2022年度 第4期

概要

展示室1 「近代美術館の名品」

当館の名品を、昨年度の新収蔵品を交えて展示紹介します。

新潟県出身工芸家二人の新収蔵作品

 

〈新収蔵作品〉佐々木象堂《鋳銅花文花瓶》大正後期

 

佐々木象堂(1882~1961)佐渡出身。

 《鋳銅花文花瓶》:近代工芸を牽引し、重要無形文化財保持者となった佐々木象堂の、鋳銅により作られた花瓶です。整然と配置された花紋は、伝統的ながらも、どこかモダニズムの風情を感じさせます。
 本作が作られたと推定される大正後期は、アール・ヌーヴォーやアール・デコといった新しい芸術思潮に感化された若い工芸家たちがモダニスムへと向かっていった時代でした。
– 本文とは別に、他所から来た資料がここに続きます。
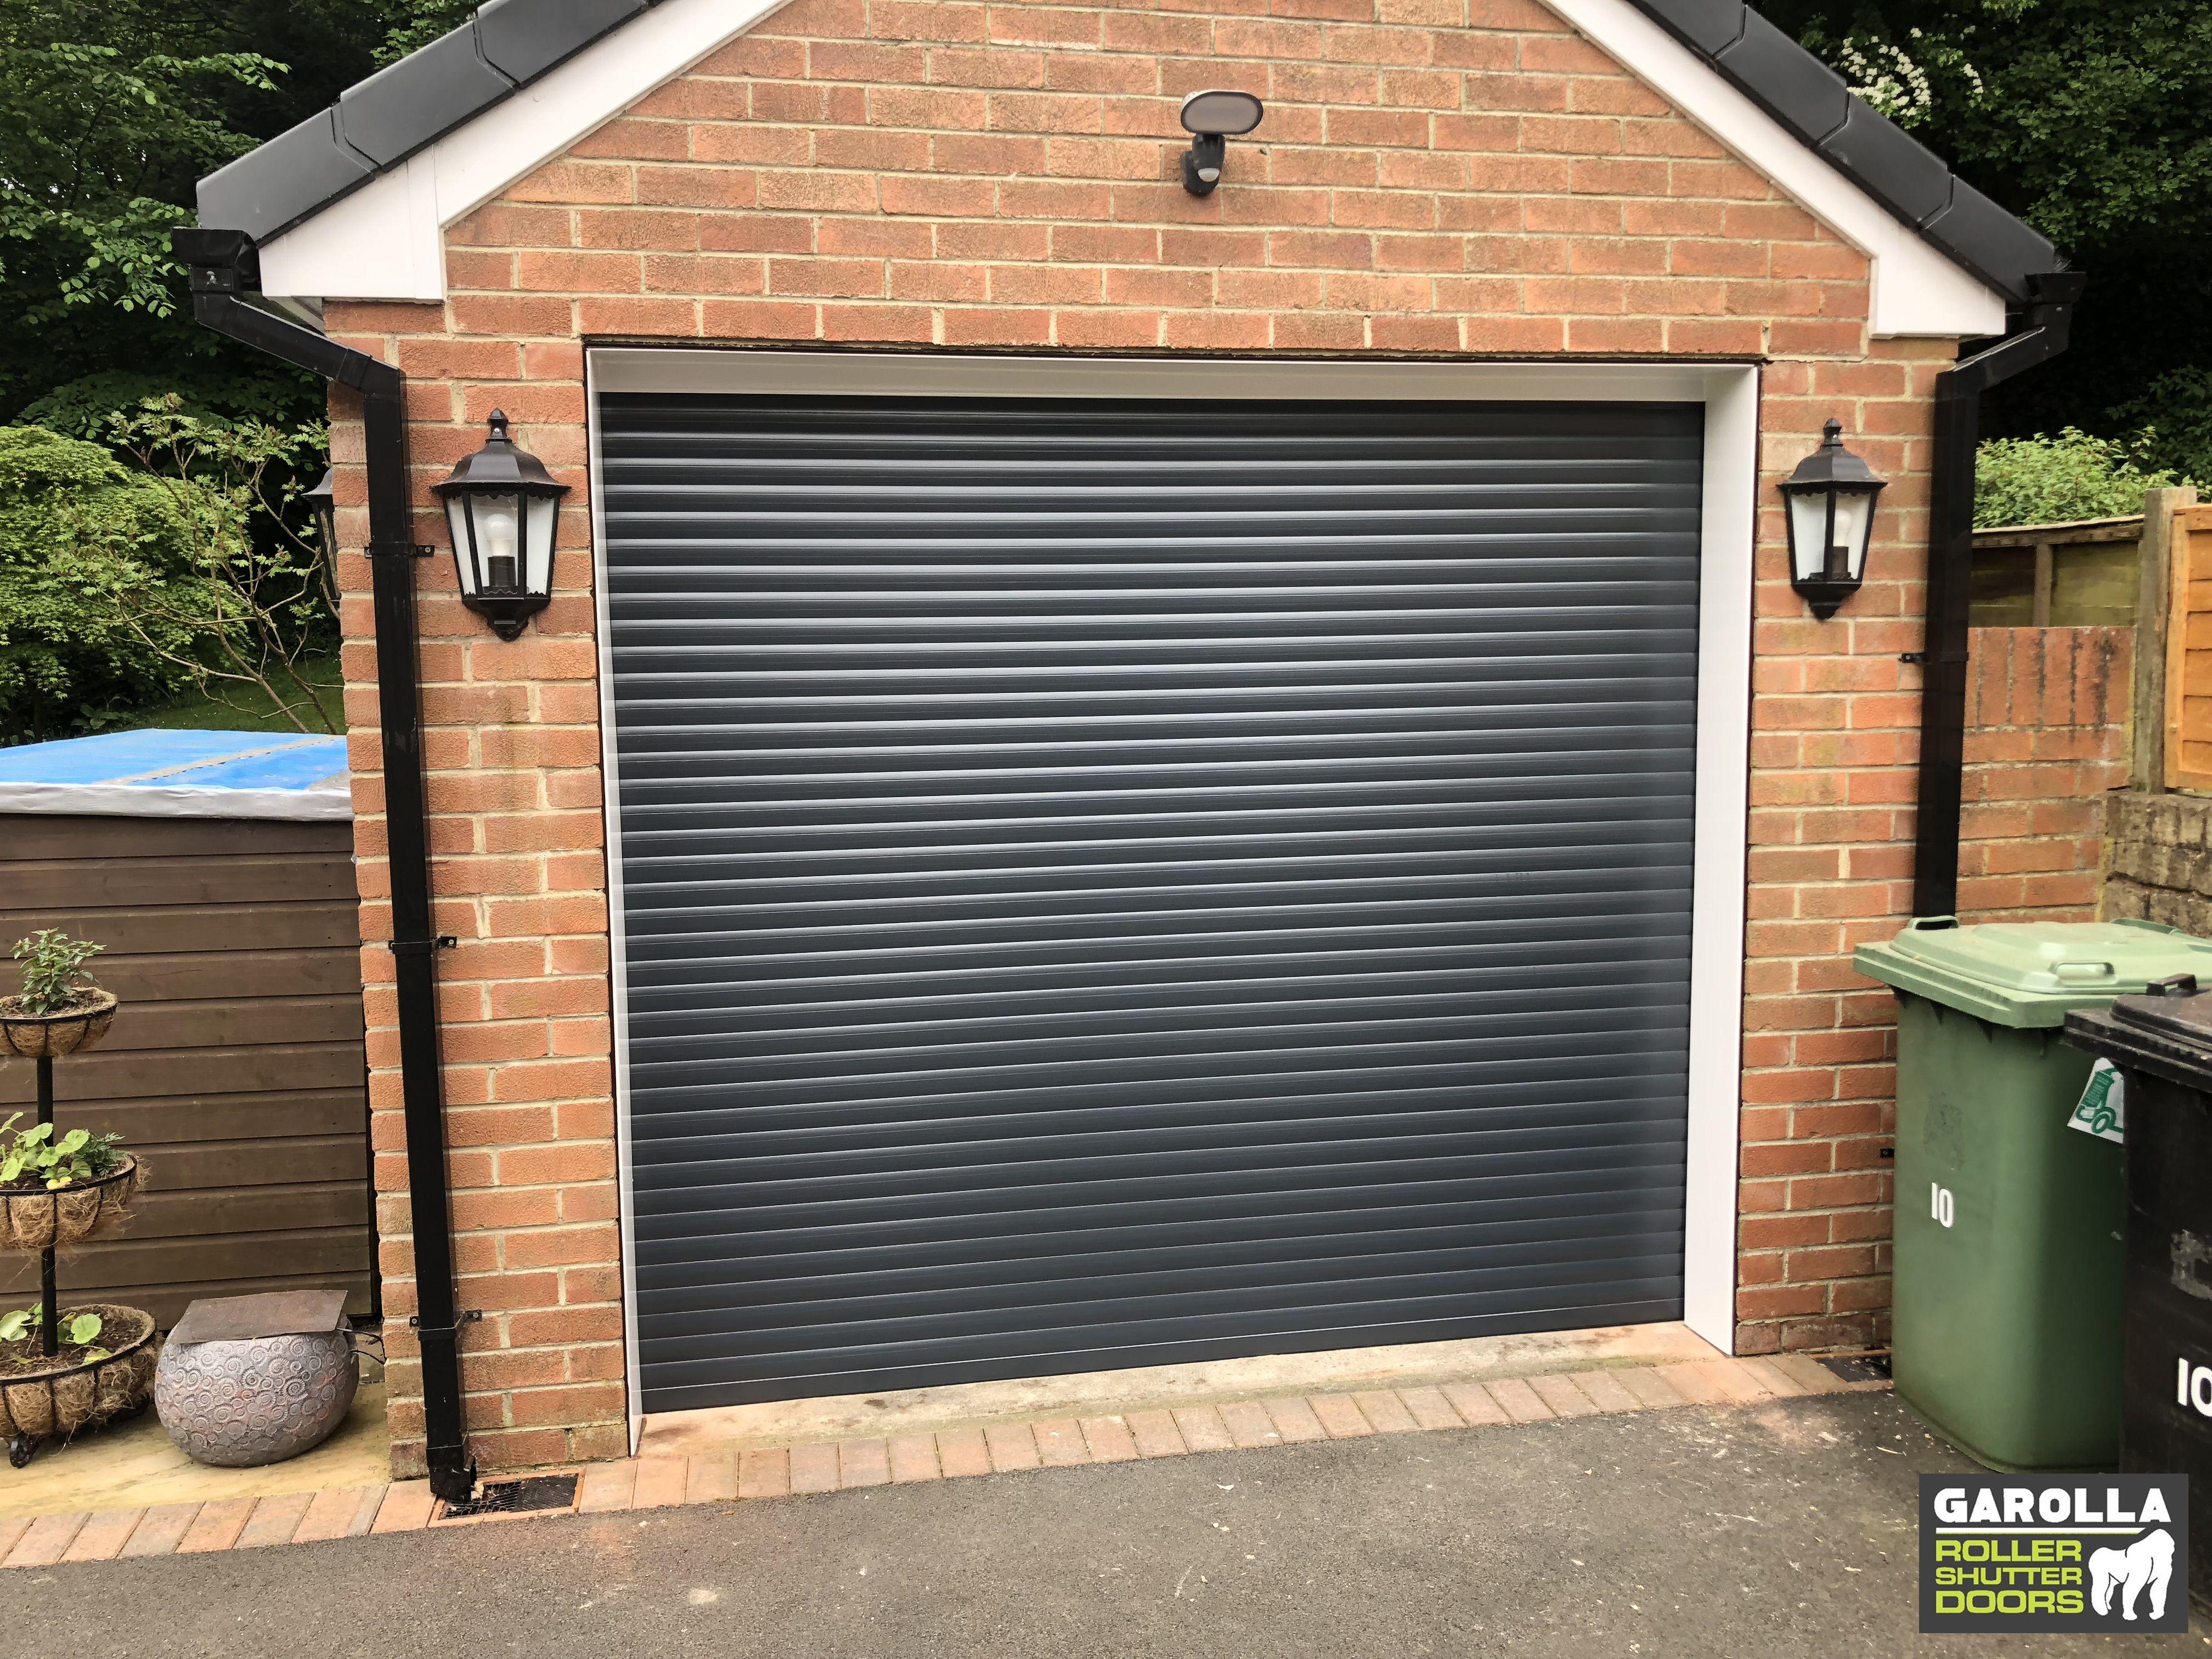 Grey Garage Door In 2020 Garage Doors Garage Door Design Grey Garage Doors
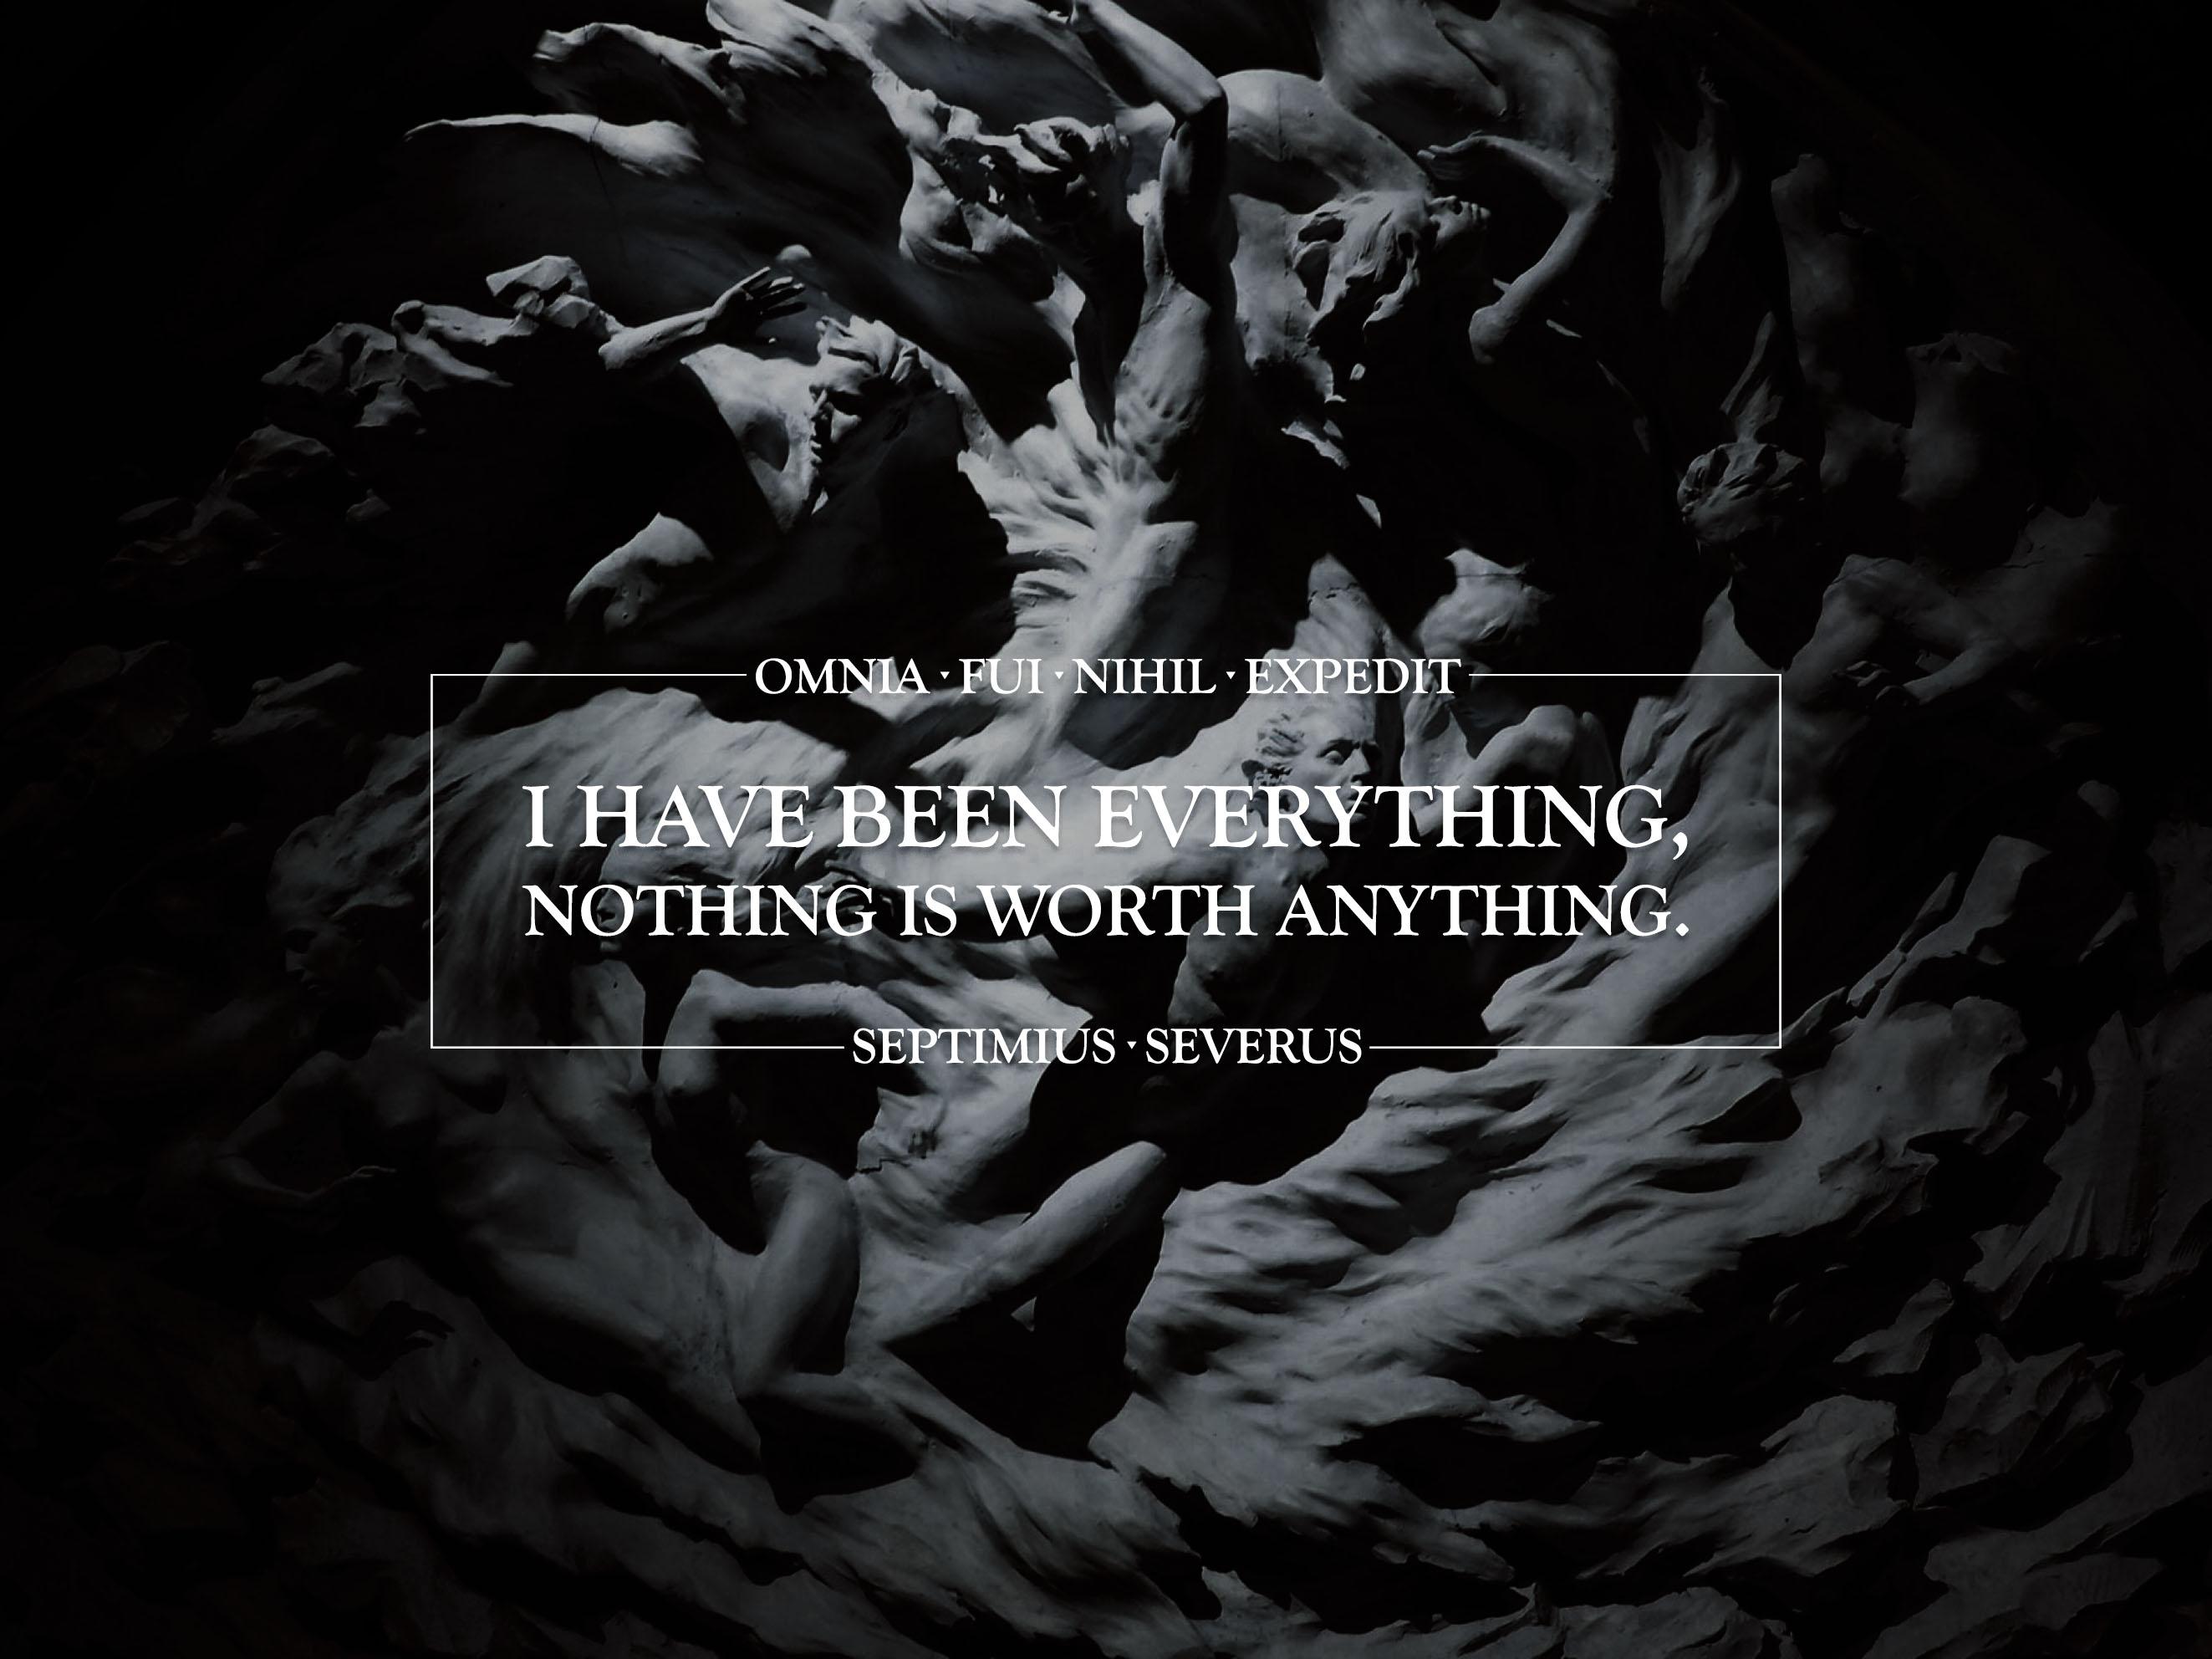 """""""Omnia fui, nihil expedit"""" — Septimius Severus [2646 x 1984] [OC]"""

象堂も例外ではなく、新しい工芸の確立を目指していきました。

 
 

〈新収蔵作品〉目黒順三郎《彫漆丘小屏風》1950年

 

目黒順三郎(1921~2016)村上出身。

 《彫漆丘小屏風》:漆と縁深い村上に生まれ、中でも漆の層を彫り出し文様を描く彫漆の技法を追究してきた目黒順三郎。同技法で作られたこの作品は、彫漆ならではの凹凸が美しく、ネギボウズや蝶など春らしいモチーフを新鮮な感覚で構成し、モダンな屏風に仕上げています。

 

西洋美術の名品から

ポール=エリー・ランソン《収穫する7人の女性》1895年

 この作品は、アール・ヌーヴォーの発展に関わったパリの美術商S.ビングの店の一室を飾ったとされる貴重な壁画です。作者のポール=エリー・ランソン(1861~1909)は、19世紀フランスで活動した前衛グループ「ナビ派」の一員。日本美術を好んだことでも知られ、顔料と膠を混ぜた技法や、平面的な描写に日本美術からの影響が見受けられます。

 会期中に美術鑑賞講座を行います。詳しくはこちら

 

 

 

展示室2 「命脈 ―命と美のつながり」

所蔵品から、親子や兄弟の作品を選び、展示します。
作家たちは、身近な存在である家族に触発されながらも、それぞれの個性を開花させます。命と美のつながりにより作品が豊かに響き合う様子、そして新たな道を拓いていく作家の足跡をお楽しみください。

出品作家

絵 画

三輪 大次郎 三輪 晁勢 三輪 晃久

与板町出身の、京都で活躍した、いずれも色彩表現に優れた日本画家です。大次郎は小山正太郎の「不同舎」で油彩画も学びました。

三輪晃久《秋氣》2000年

 

   
大矢 紀 大矢 十四彦

同じく与板町出身の日本画一家。大矢紀の父親の大矢黄鶴も息子も日本画家です。紀と十四彦は兄弟です。
大矢紀は日本美術院の同人となっています。

大矢紀《煌》2005年

   
難波田 龍起 難波田 史男

難波田龍起は、日本の抽象美術界の先駆者、第一人者として知られています。その息子・史男は独自に内的世界を探索し注目を浴びましたが、フェリーから転落し夭折しました。

 

彫 刻

北村 四海 北村 正信

北村四海は、日本に初めて大理石彫刻を導入したことで知られています。
甥で後に養子となった正信はその技術を受け継ぎ、卓越した技量で制作しました。

北村正信《髪》1966年

   
戸張 幸男 戸張 公晴

戸張幸男と公晴は親子です。
幸男が一貫して具象彫刻を追及したのに対して、公晴は無駄のない形態の女性の胴体(トルソ)を作り続けました。

戸張公晴《TORSO》1990年頃

   

 

工 芸

宮田 藍堂(二代) 宮田 宏平(三代藍堂) 宮田 脩平 宮田 亮平

生涯佐渡で制作し続けた宮田藍堂(二代)。その子息である宏平・脩平・亮平は、東京藝術大学工芸科で学び、それぞれの分野で新しい表現を目指しました。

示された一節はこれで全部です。